Hello, lazy semweb world.

When I spoke at a conference recently, the speaker's gift was a copy of the book that keynote speaker Don Tapscott write with Anthony D. Williams: Wikinomics. The book is very biz-buzzwordy (from page 150: "consumer product companies can find ways to monetize customer-led ecosystems"—have these guys bookmarked the Web Economy Bullshit Generator?), and they feel compelled to coin their own buzzwords, from the book's title to terms like N-gen, B-web, ideagora, and prosumer. I'll admit that I'm a little jealous, though; I wish I could come with some visionary lite tech book that people in suits would want to read on planes. As I write this, "Wikinomics" has an Amazon ranking of 164. I remember getting excited when XSLT Quickly broke the 7,000 mark.

[Wikinomics cover]

The book's many case studies about the New Collaboration (actually, I don't think the book used that phrase—maybe if I start using it a lot with a capital "N" and "C" I've got a title for my lite visionary book!) alerted me to some interesting projects such as Innocentive,, and NineSigma. Many of the book's topics sound like the kinds of things that people hope to see grow out of the semantic web, although the book don't mention that at all. I started thinking about what semantic web technologies could add to the projects that the book does mention, and I got some ideas.

I already have several ideas that I have no time to follow through on, so I thought I'd start throwing them out there for anyone who's interested. None are quite PhD thesis material, but some might be masters material. They could all be useful, and some could be popular if someone followed through on them. Here's another new coinage: "Lazy Semweb"! That is, a lazy web for semantic technologies. Danny Ayers recently thew out an offering, although he didn't use the term.

For many of the things I suggest, I imagine that some people (for several of my ideas, probably Kingsley Idehen) will point out existing work already addressing my idea. That's fine with me, because it provides further input for those seeking ideas. I'll tag all the entries with a metadata/semantic_web/project_ideas tag to make it easier to find the gathered collection of ideas in this weblog.

The most important thing for each project is that it should include a demonstration of how to get more value out of the data in question than would be possible without the semweb part. I'm not going to accuse Tapscott and Williams of falling short by not mentioning semantic web technology (although I'm sure that if they'd seen this video they would have run with it); I'm going to challenge semantic web advocates to prove to the Tapscotts and Williamses of the world that semweb technology adds value.

Google Desktop API + Semantic Web technology = ?

After all this introductory rambling, I'll start with something short and simple for the first idea.
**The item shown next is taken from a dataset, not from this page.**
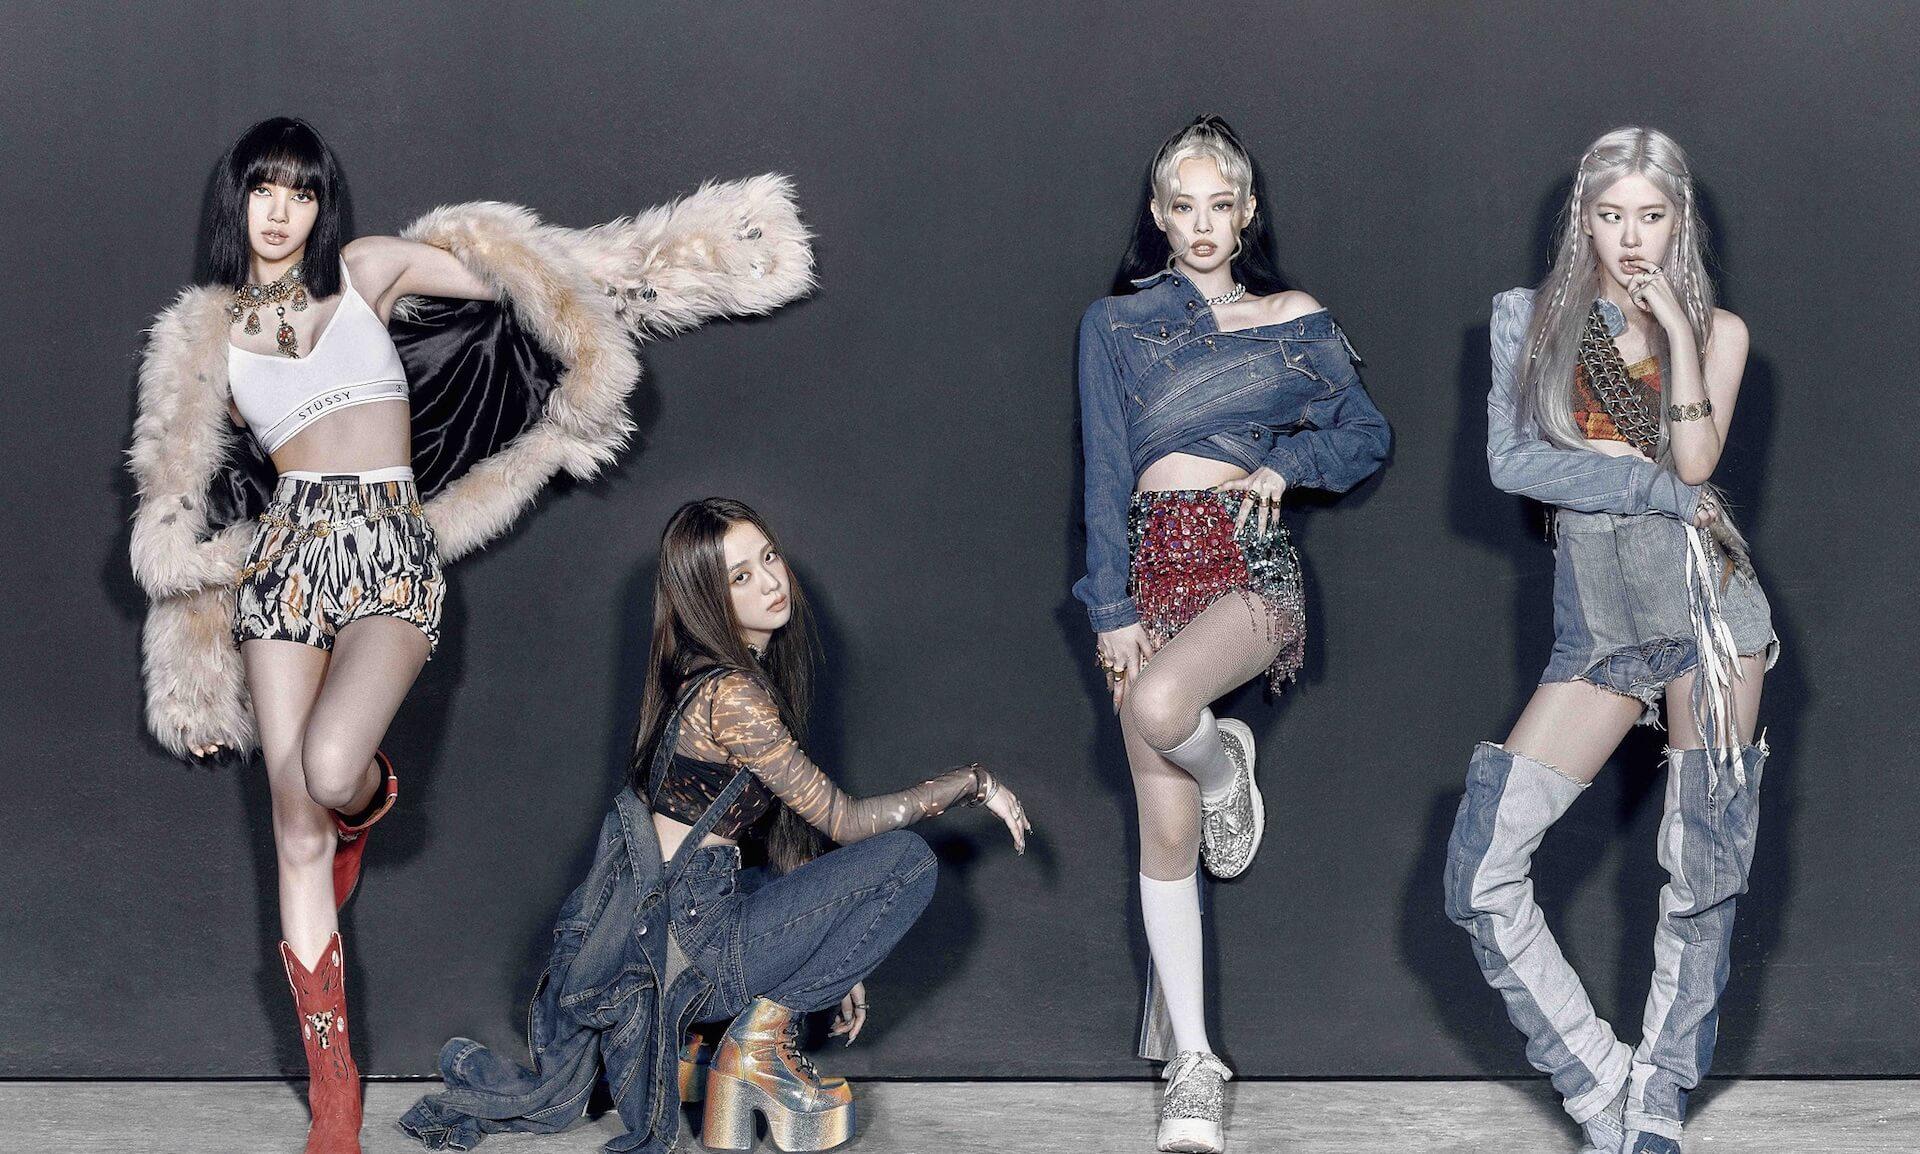 "BLACKPINKが1年2ヶ月ぶりの新曲""How You Like That""を配信リリース!MV公開でSNS大反響&SPECIAL EDITION予約販売も開始 music200626_blackpink_3"

Instead of building on a Tapscott/Williams topic, I'll build on something I've mentioned recently here. I wondered about semantic web tools that built on the way people choose to work instead of making them use new tools. One tool that builds very nicely on the way I work is Google Desktop. It's free, for work-related issues I use it more than Google itself, and I don't know why I waited so long before trying it. Unfortunately, it's limited to use on Windows machines, but there are rumors of an Ubuntu version.

And it's got an API! If Google Desktop retrieves a handful of metadata about each file in which it found your search string, what more can we do with that metadata? I'd love to see a program that takes a user's query, reads some ontology rules, and then passes in a more sophisticated query to identify additional related resources that don't fall within the exact parameters of the user's original query. Or, someone could build a SPARQL endpoint around the API. Or, they could use the API to pull a bunch of this metadata into a triplestore, combine that with an ontology and other data... I think there's some real possibilities here.


KDE and Gnome desktop environments both have triple-stores and faceted metadata recall/browsing/autocreation in experimental versions - check Nepomuk, Beagle, etc.


How about starting here:

Just add URLs to the Data Source URI field and hit "Query". For you Blog Data Space the TimeLine Tab is a nice place to perform the data link traversal (URI dereferencing) which basically results in some interesting meshups :-)

Note: You can bookmark via the Permalinks.